May 8, 2015 / 4:16 PM / 4 years ago

Illinois' supreme court overturns state's 2013 pension reform law

NEW YORK/CHICAGO (Reuters) - The Illinois Supreme Court on Friday voided the state’s 2013 pension reform law, in a ruling hailed as a win for retired state workers and public employees, but one that also raises the prospect the state’s dire finances will deteriorate further.

Illinois has the worst-funded pension system and the lowest credit ratings of all 50 states and has contended that pension costs are making it difficult to fund services such as healthcare and public safety.

The 2013 law was aimed at easing a $105 billion unfunded pension liability and the state’s annual pension contributions.

“Crisis is not an excuse to abandon the rule of law,” the supreme court said in its ruling. “It is a summons to defend it.”

The court said that while Illinois faced significant financial challenges, it had an obligation to ensure the state constitution, which protects public worker pensions, was followed.

The state had contended the legislature was entitled to invoke police powers, in which a state has authority to make changes for the good of its citizens, to solve a fiscal emergency. However, the court called the state’s “police powers” defense “fatally flawed.”

The ruling was a victory for unions who had fought to protect pensions.

“We are thankful that the Supreme Court has unanimously upheld the will of the people, overturned this unfair and unconstitutional law, and protected the hard-earned life savings of teachers, police, fire fighters, nurses, caregivers and other public service workers and retirees,” said Michael T. Carrigan, president of Illinois AFL on behalf of the We Are One Illinois union coalition.

Some Illinois state bonds fell following the ruling, with general obligation bonds falling to 105.901 cents from 109.983 cents. Chicago bonds maturing in 2021 fell to 96.384 cents, down from 99.300 cents.

“The court’s ruling could be the correct ruling of the law, but it’s not a feasible solution,” said David Tawil, president of Maglan Capital, New York, who does not own Illinois municipal bonds. “Eventually there is going to be a restructuring.”

Illinois’ reform law, enacted in December 2013, reduced and suspended cost-of-living increases for pensions, raised retirement ages and limited salaries on which pensions are based.

A state legislative commission reported in November that without the 2013 law, pension payments would jump to $7.6 billion in fiscal 2016 from $6.8 billion this year, reaching $16.3 billion in 2045. The unfunded liability would climb as well, topping out at $128.7 billion in 2029.

Governor Bruce Rauner, a critic of the 2013 law, has proposed his own pension reform plan that largely relies on a constitutional amendment that must be approved by voters.

Illinois Policy Institute CEO John Tillman said the ruling suggested that raising taxes would be the way to pay for pensions - which he said was a flawed premise.

“Raising taxes will not fix a broken system,” said Tillman. “The pension system is beyond repair, and there will never be enough money to fund it.”

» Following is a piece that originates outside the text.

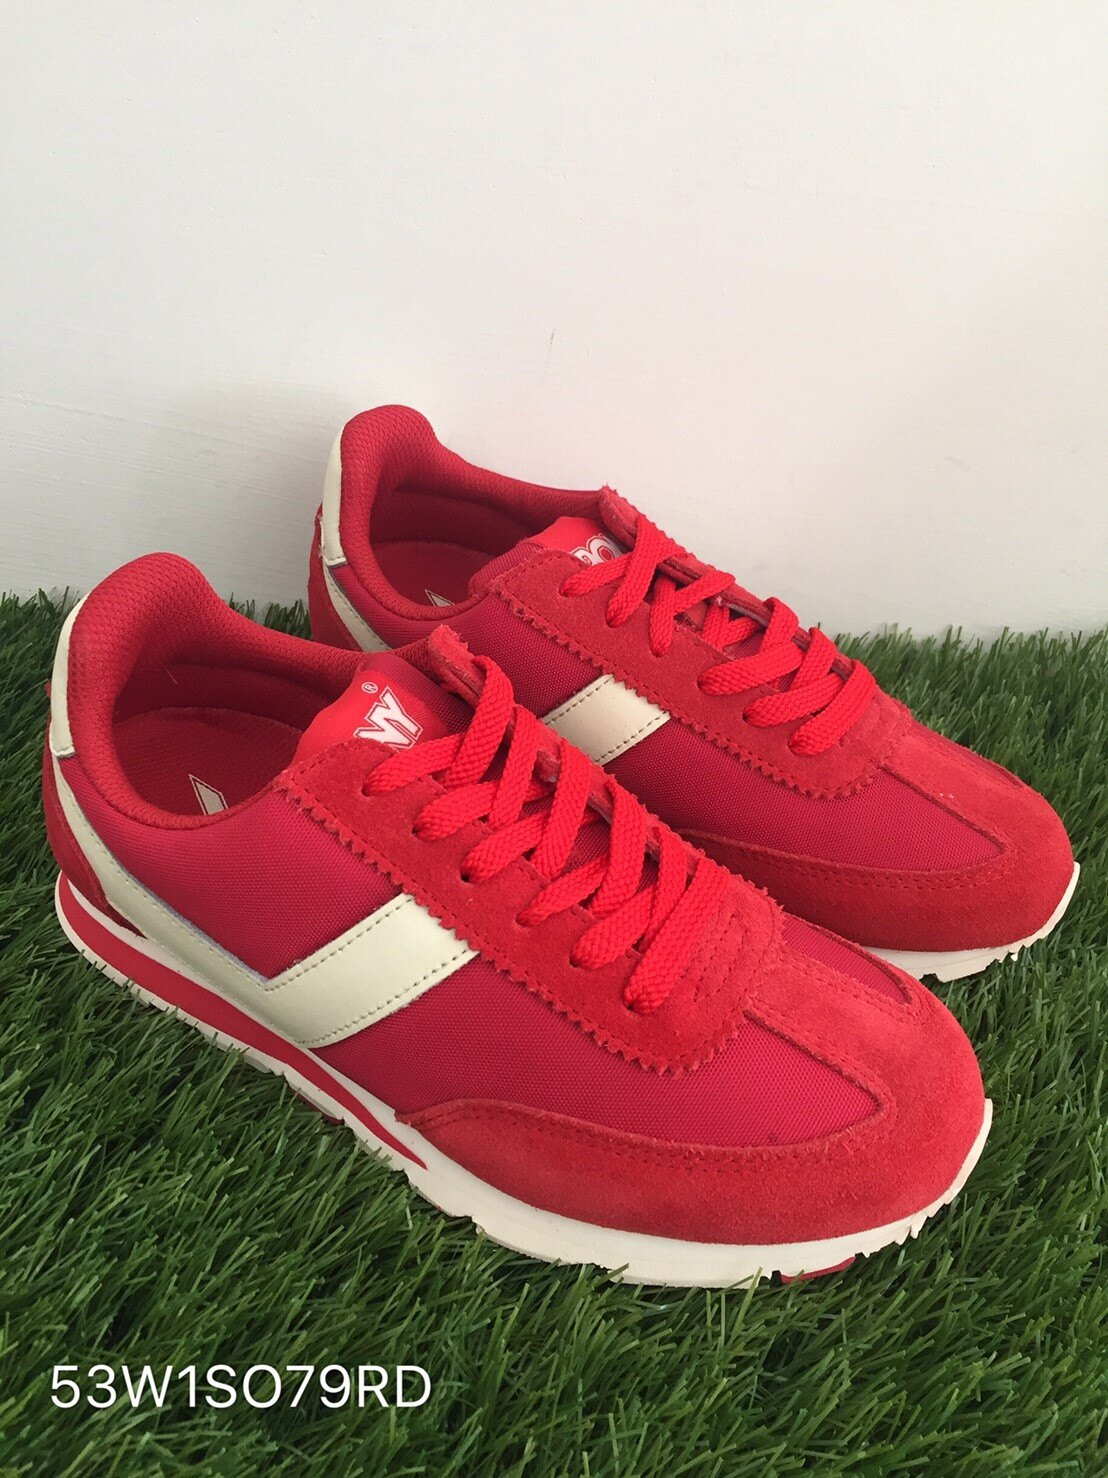 [25cm]★限時特價990元★ Shoestw【53W1SO79RD】PONY 復古慢跑鞋 內增高 紅白色 女生 0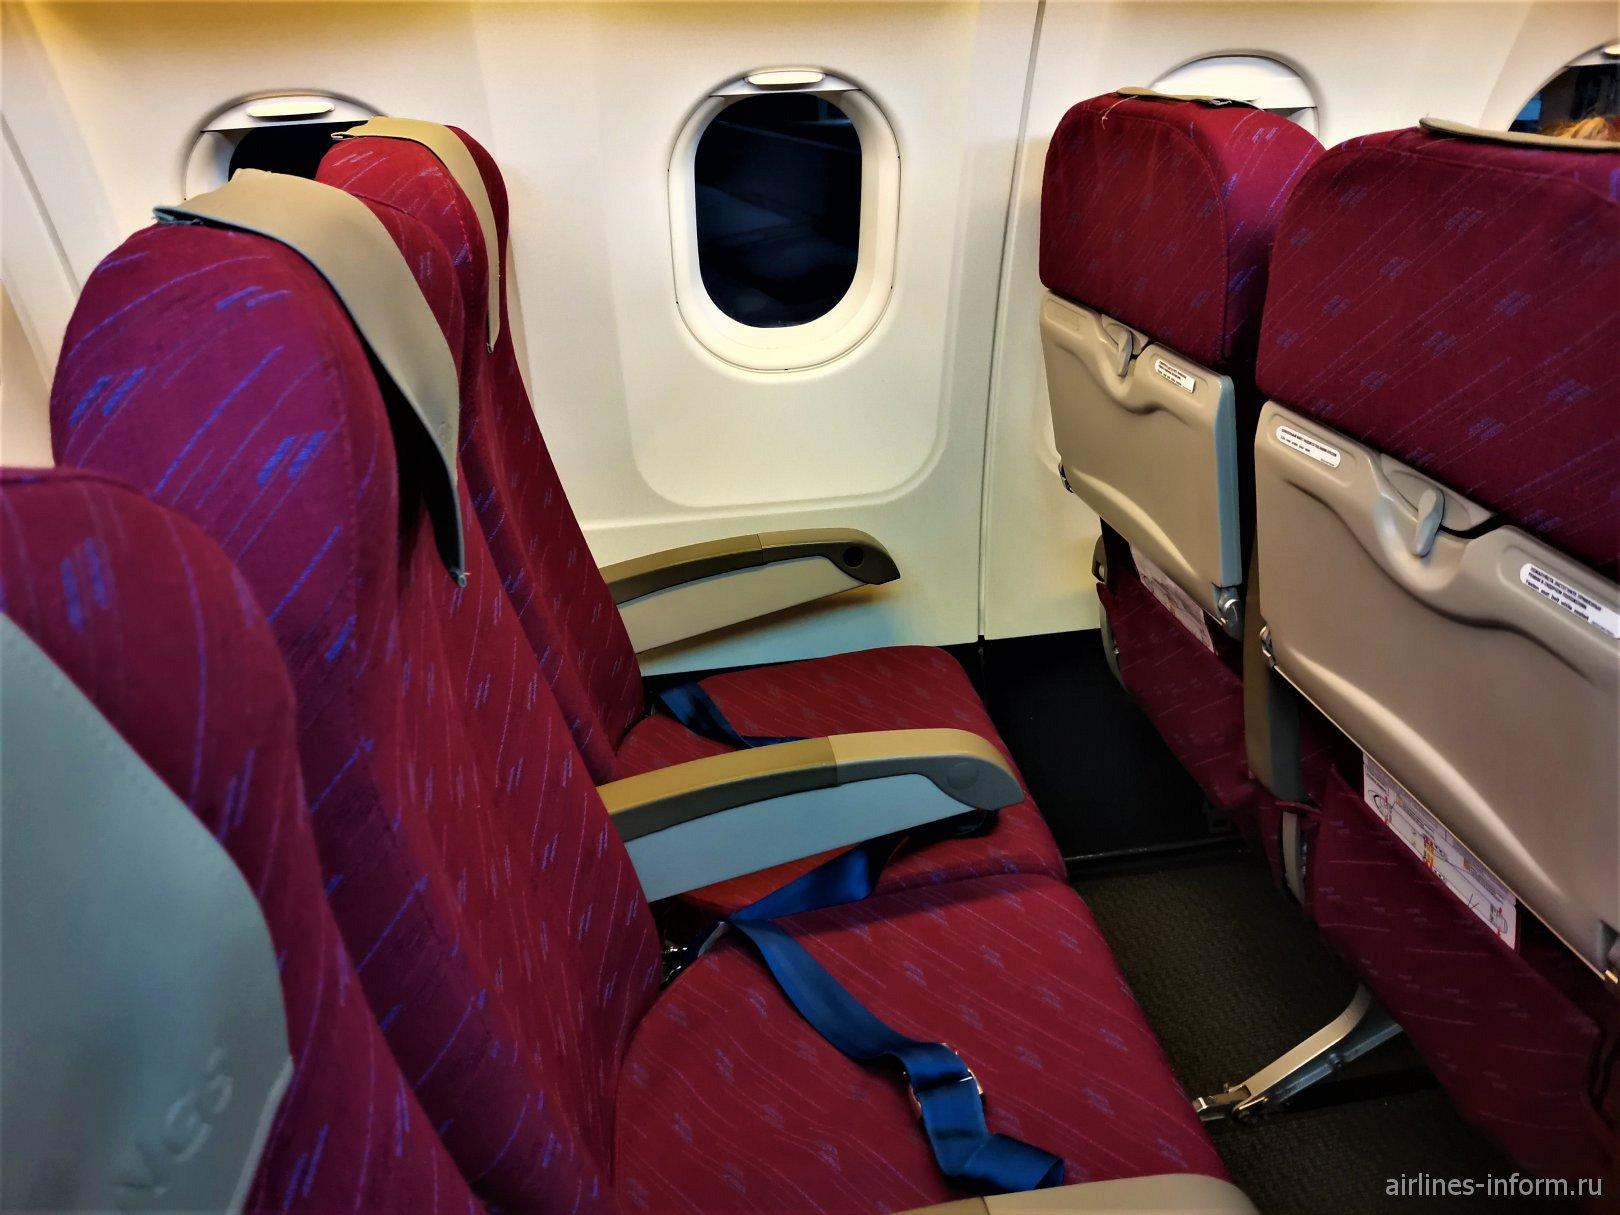 Пассажирские кресла в самолете Airbus A320 авиакомпании Red Wings

Tillman said a 2011 temporary tax increase generated more than $31 billion, yet 90 cents out of every $1 collected from the tax increase went to pensions - “still was not enough to make the pension system whole.”

The ruling, which was unanimous according to the court papers, could also have negative ramifications for Chicago which cut pensions under a 2014 law and for attempts by the Chicago Public Schools and Cook County to seek benefit cuts to bolster their own retirement systems and relieve budget-busting pressures.

The ruling underscores the difficulty faced by some other states and local governments to rein in pension costs for current and retired workers.

“There are no winners today,” said Ty Fahner, president of the Civic Committee of The Commercial Club of Chicago. “If there’s any good news, it’s that Chicago and Illinois are resilient, and we’ve responded to great challenges before.”